At approximately 1:25 a.m., police asked the defendant what he believed had happened to his mother; he replied that he did not know. Although the officers occasionally challenged certain of the defendant's statements, the interview remained nonaccusatory until around 1:45 a.m., at which time there was a ten-minute break.

After the break, the interview took on a notably different tone. Condon told the defendant that it was "obvious to us that you were involved with your mom and her disappearance," and said that his mother had been found dead. After reciting some of the evidence tending to inculpate the defendant, Condon noted, "there's not a question of who was involved in killing your mom." The officers then began to emphasize their certainty as to the defendant's guilt.
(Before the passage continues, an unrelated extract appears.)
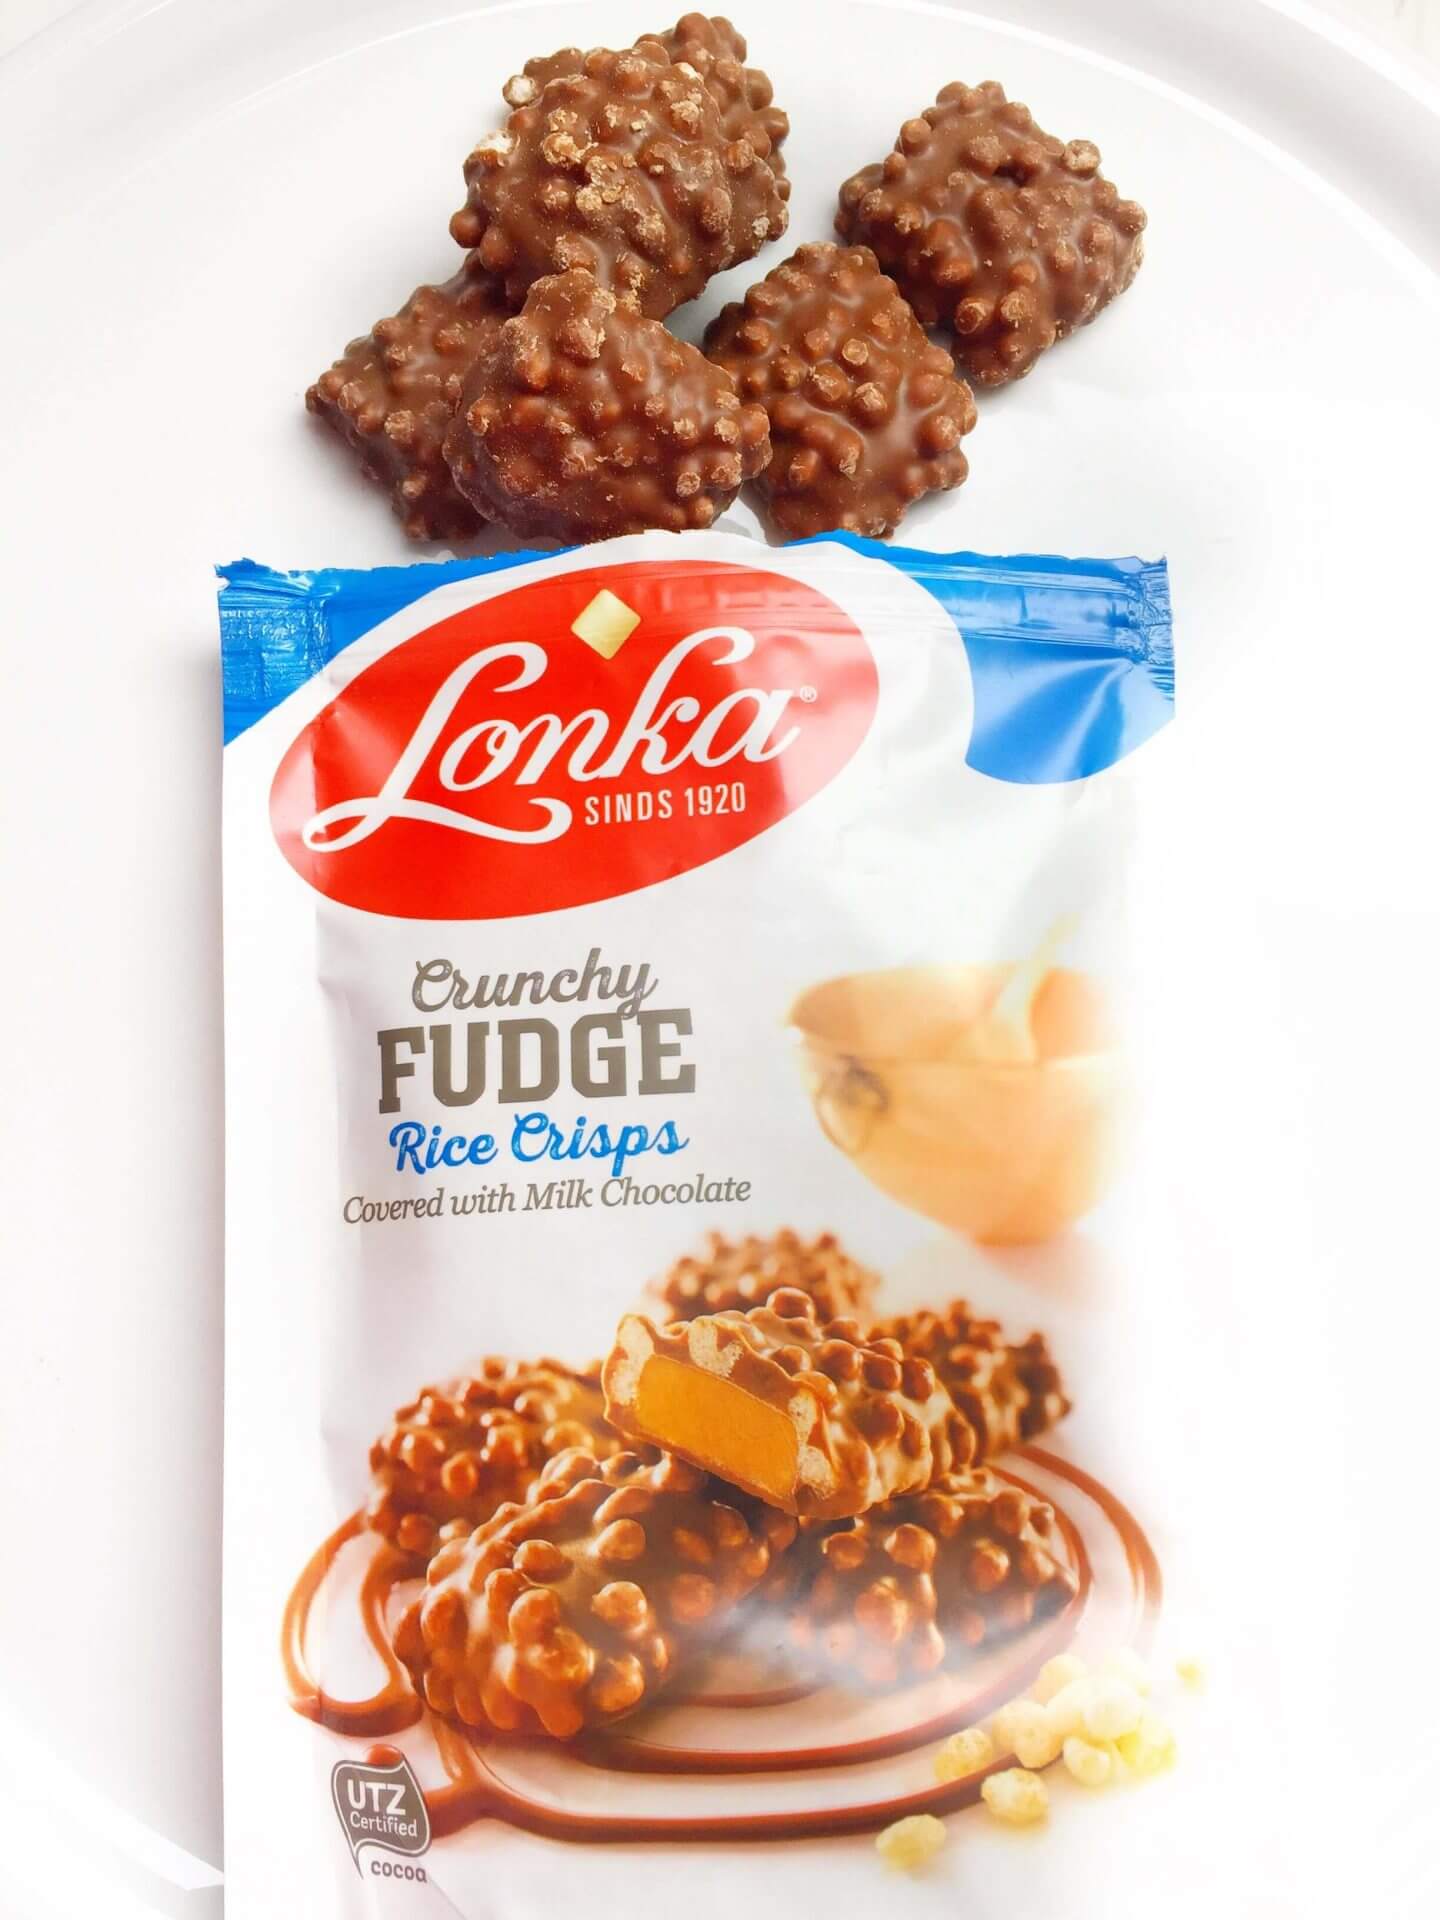 Lonka Crunchy Fudge Rice Crisps

They also proffered reasons why he might have killed the victim without being "a bad guy," including mistake, intoxication, or the possibility that he had been provoked by mistreatment from his mother or his aunt. The officers promised to inform the prosecutor if the defendant was cooperative. The officers acknowledged at trial that they had been trained in techniques known as "maximization" -- i.e., overstating their certainty of the defendant's guilt -- and "minimization" -- i.e., diminishing the severity of the crime and implying the possibility of leniency.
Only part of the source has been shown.